What this task involves> Among the entries below, retype exactly the lines starting with the one with "Men Clothing Linen Jackets - Buy" and going on through the one with "Boyar-Schultz H612 Handfeed", but not the pictures.

===== Data for the task =====

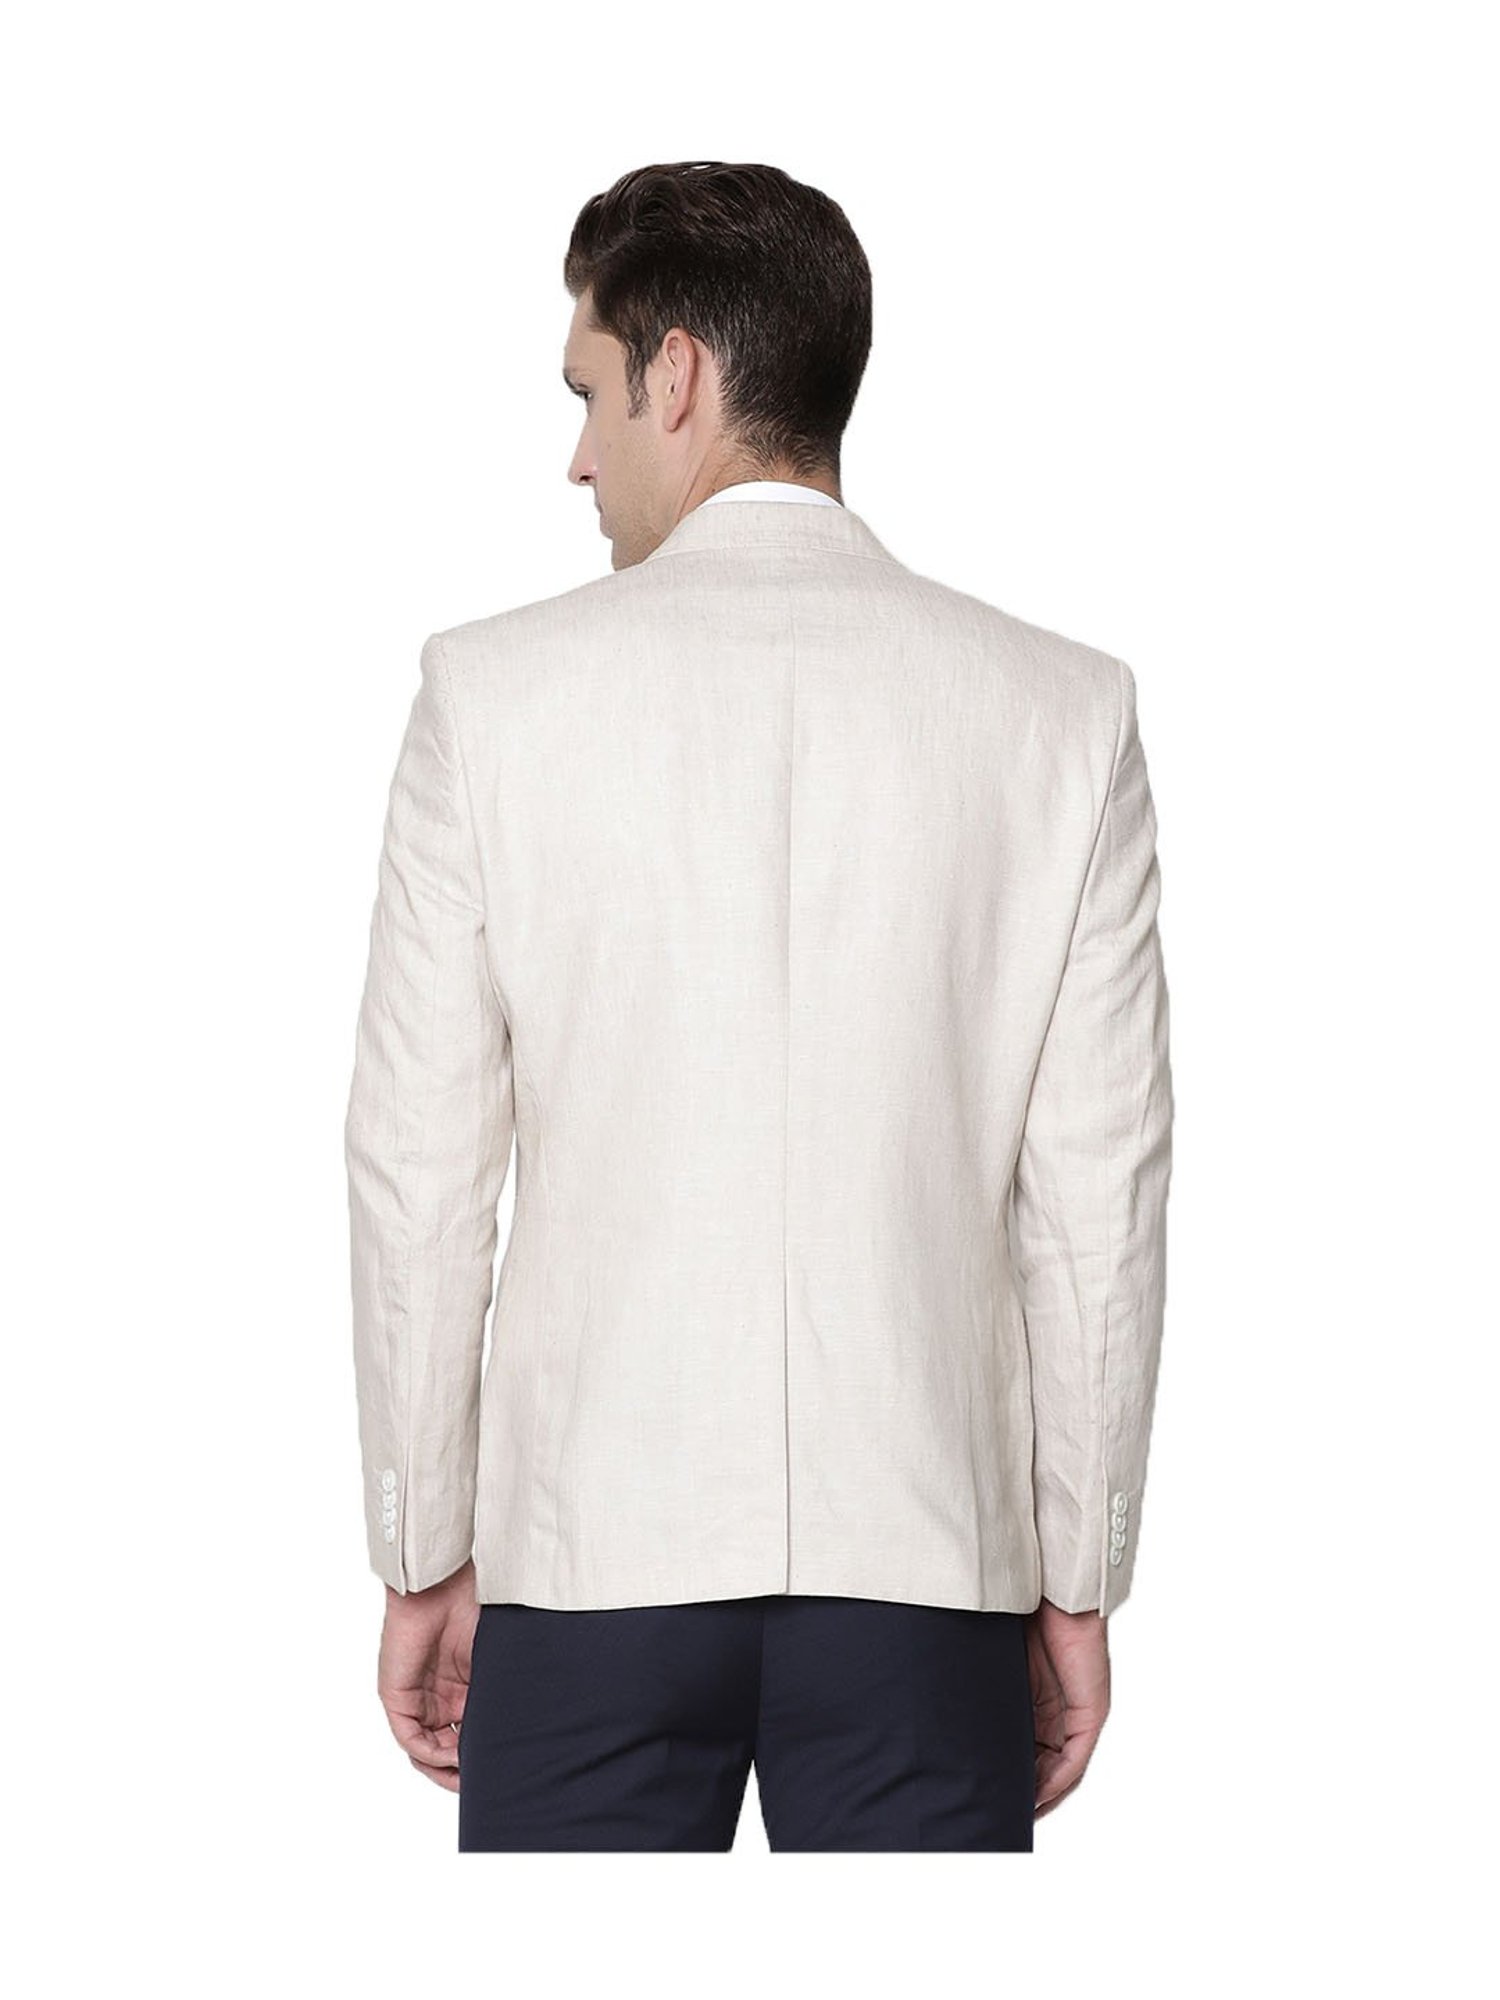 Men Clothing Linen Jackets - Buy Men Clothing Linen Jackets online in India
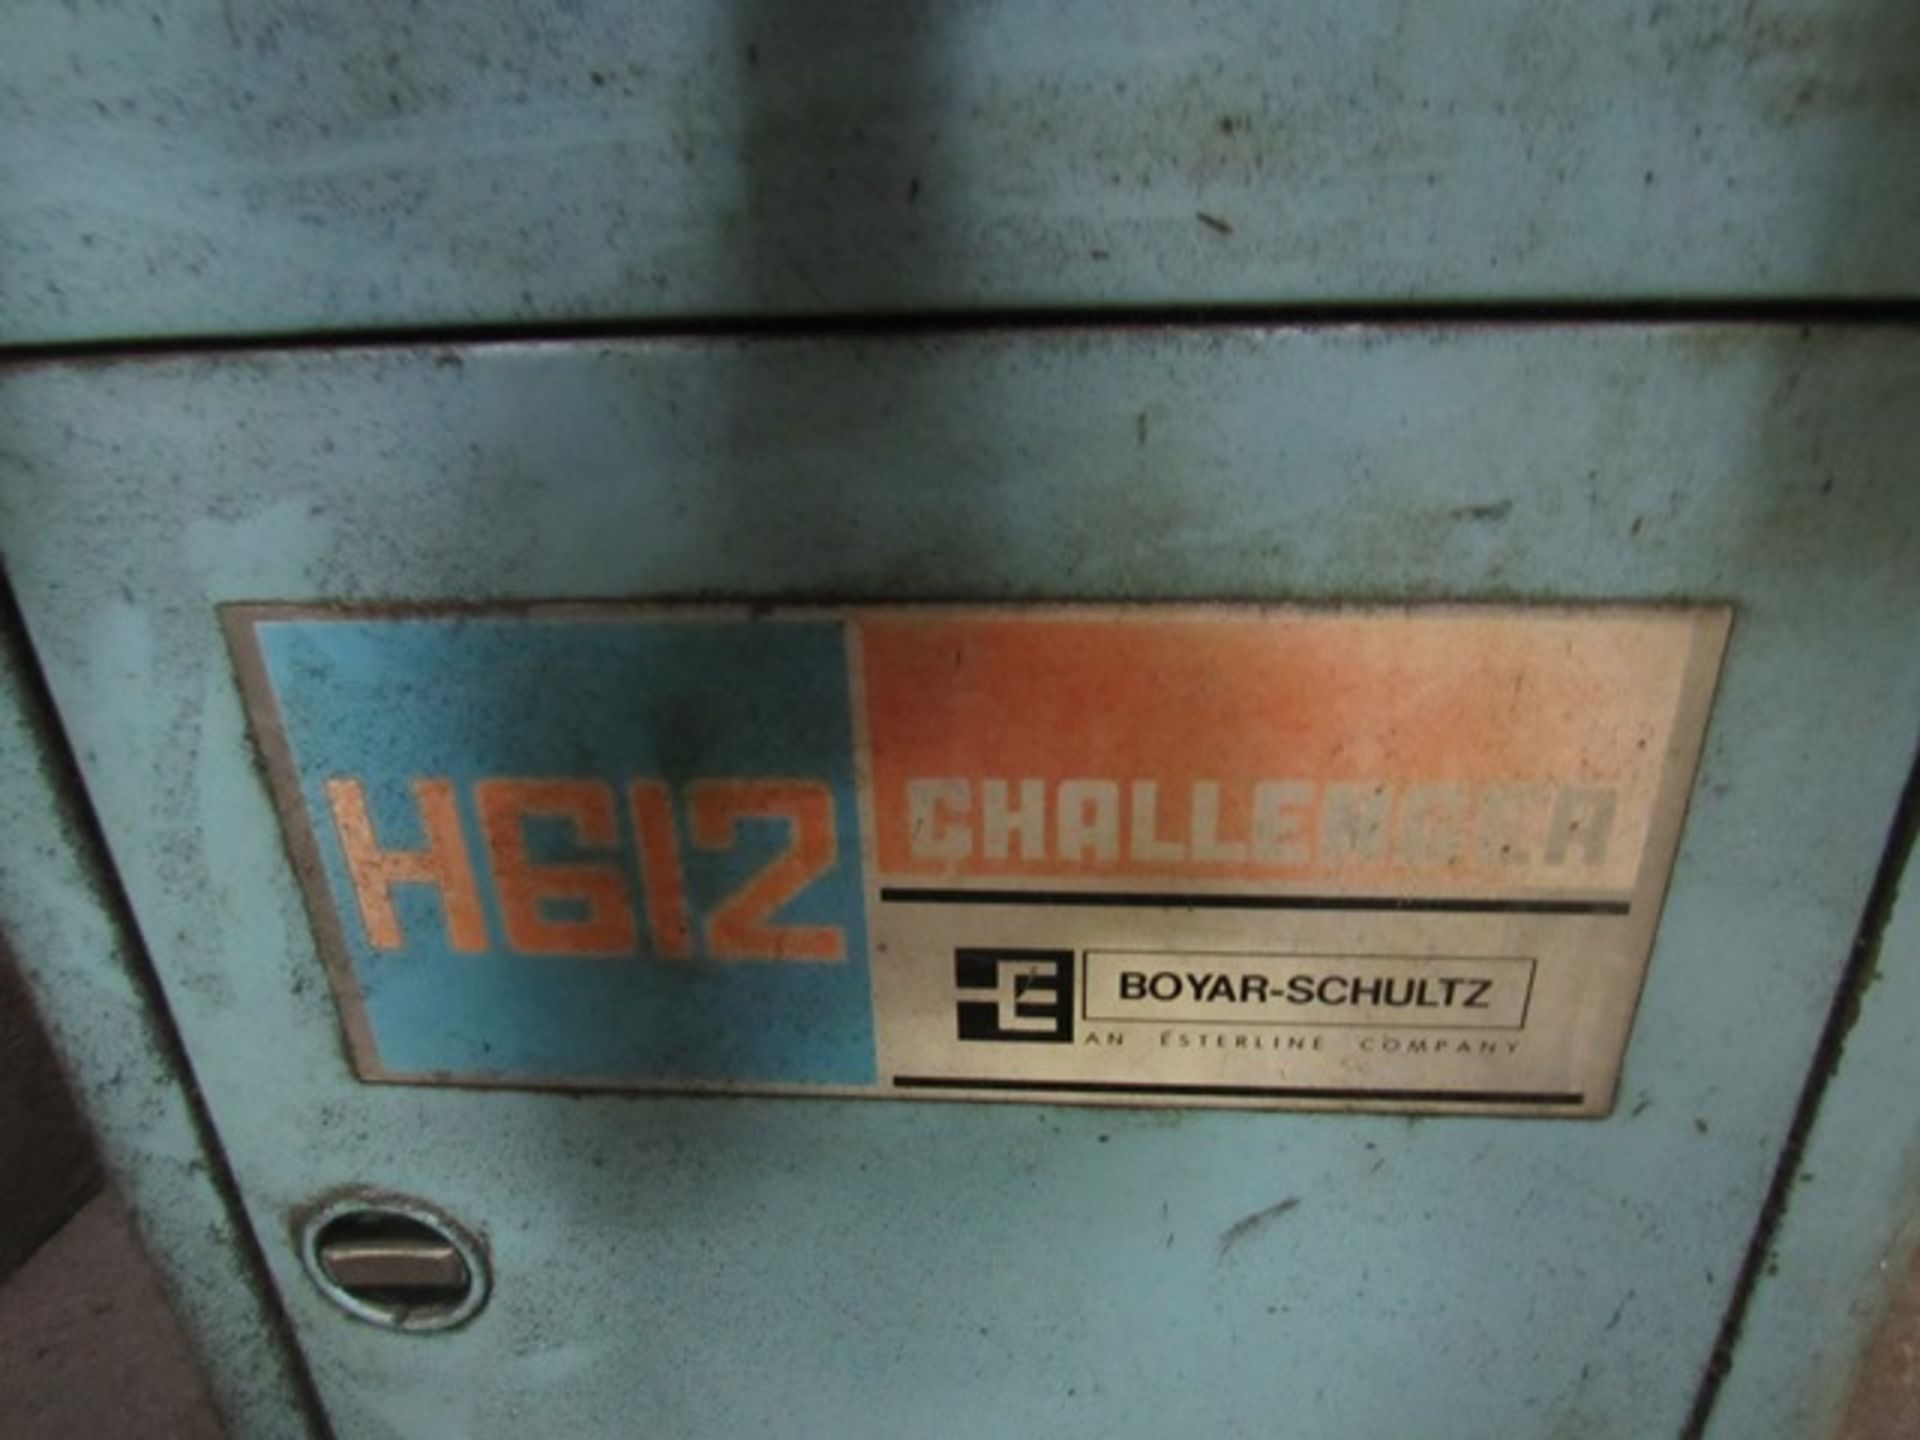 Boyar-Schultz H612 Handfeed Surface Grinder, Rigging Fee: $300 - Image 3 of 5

=====
===== Data for the task =====

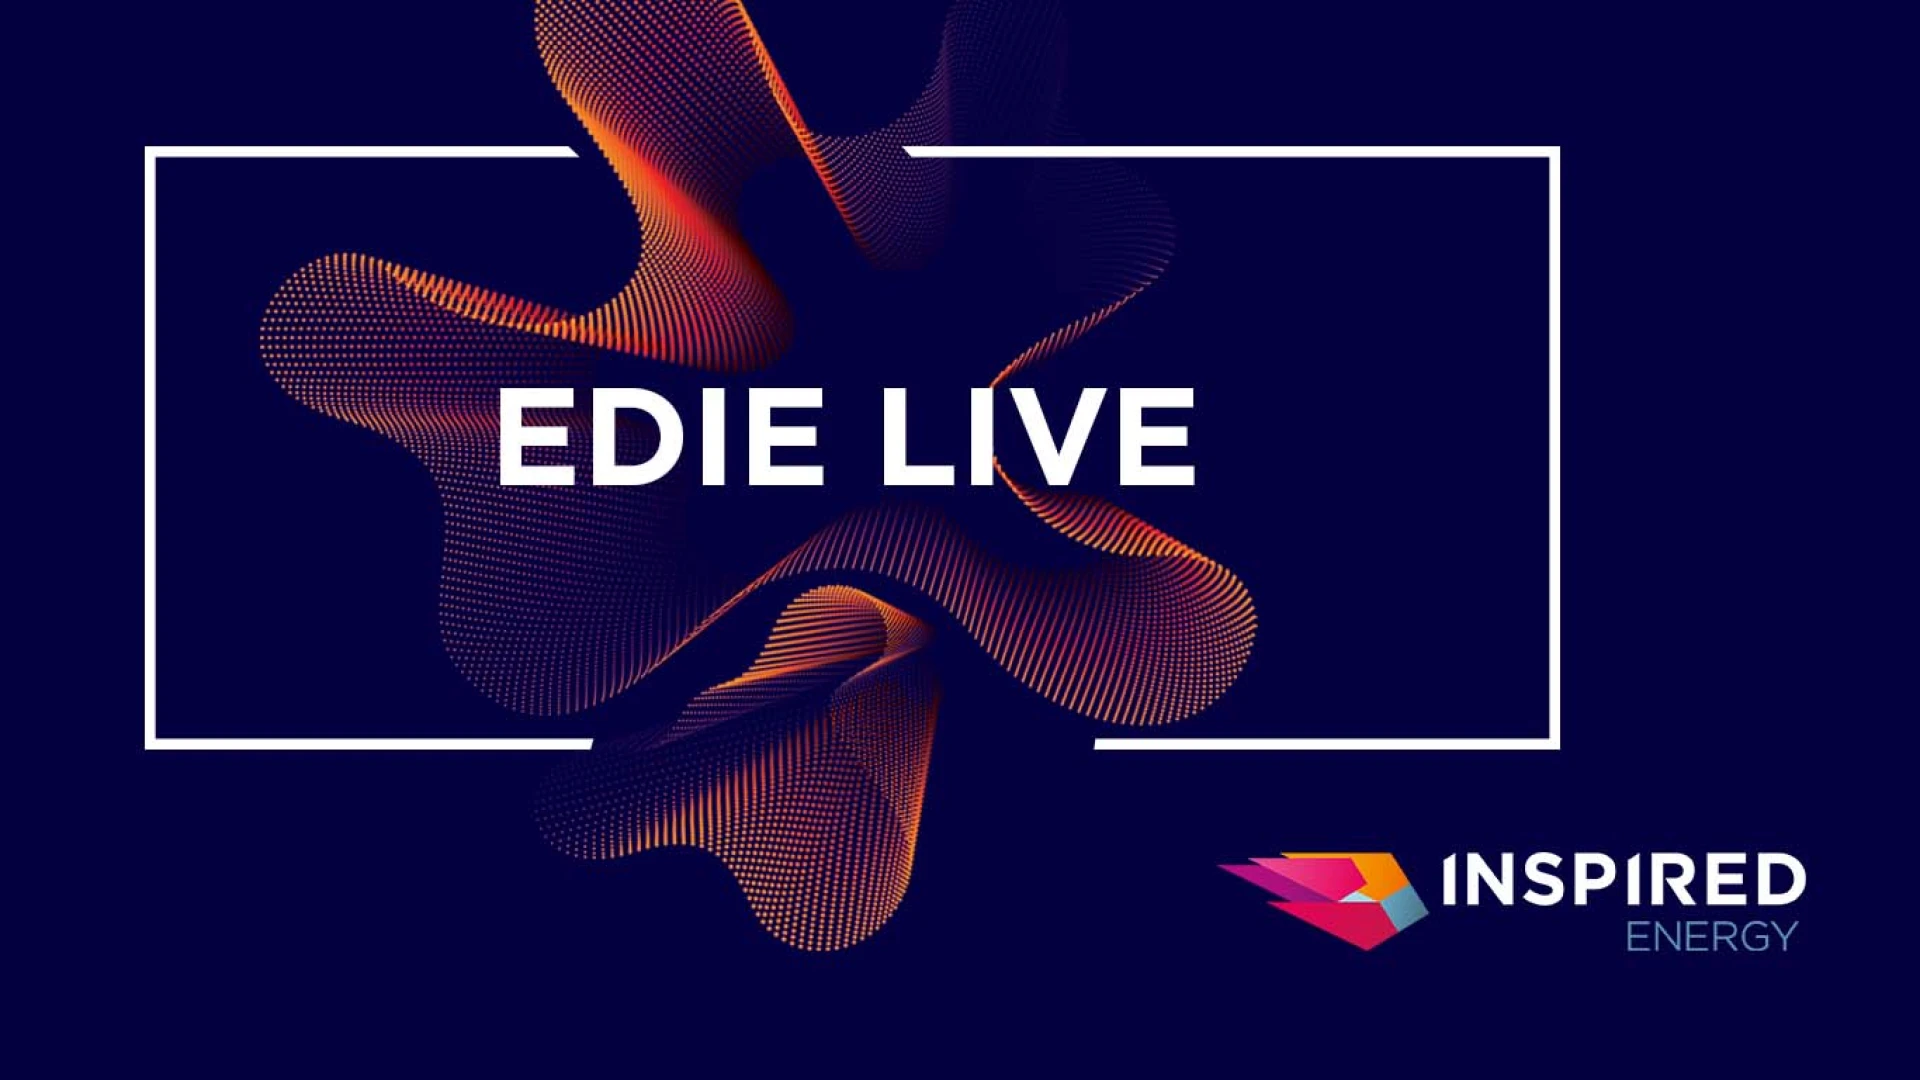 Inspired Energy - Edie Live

=====

Task response>
 Men Clothing Linen Jackets - Buy Men Clothing Linen Jackets online in India
 Boyar-Schultz H612 Handfeed Surface Grinder, Rigging Fee: $300 - Image 3 of 5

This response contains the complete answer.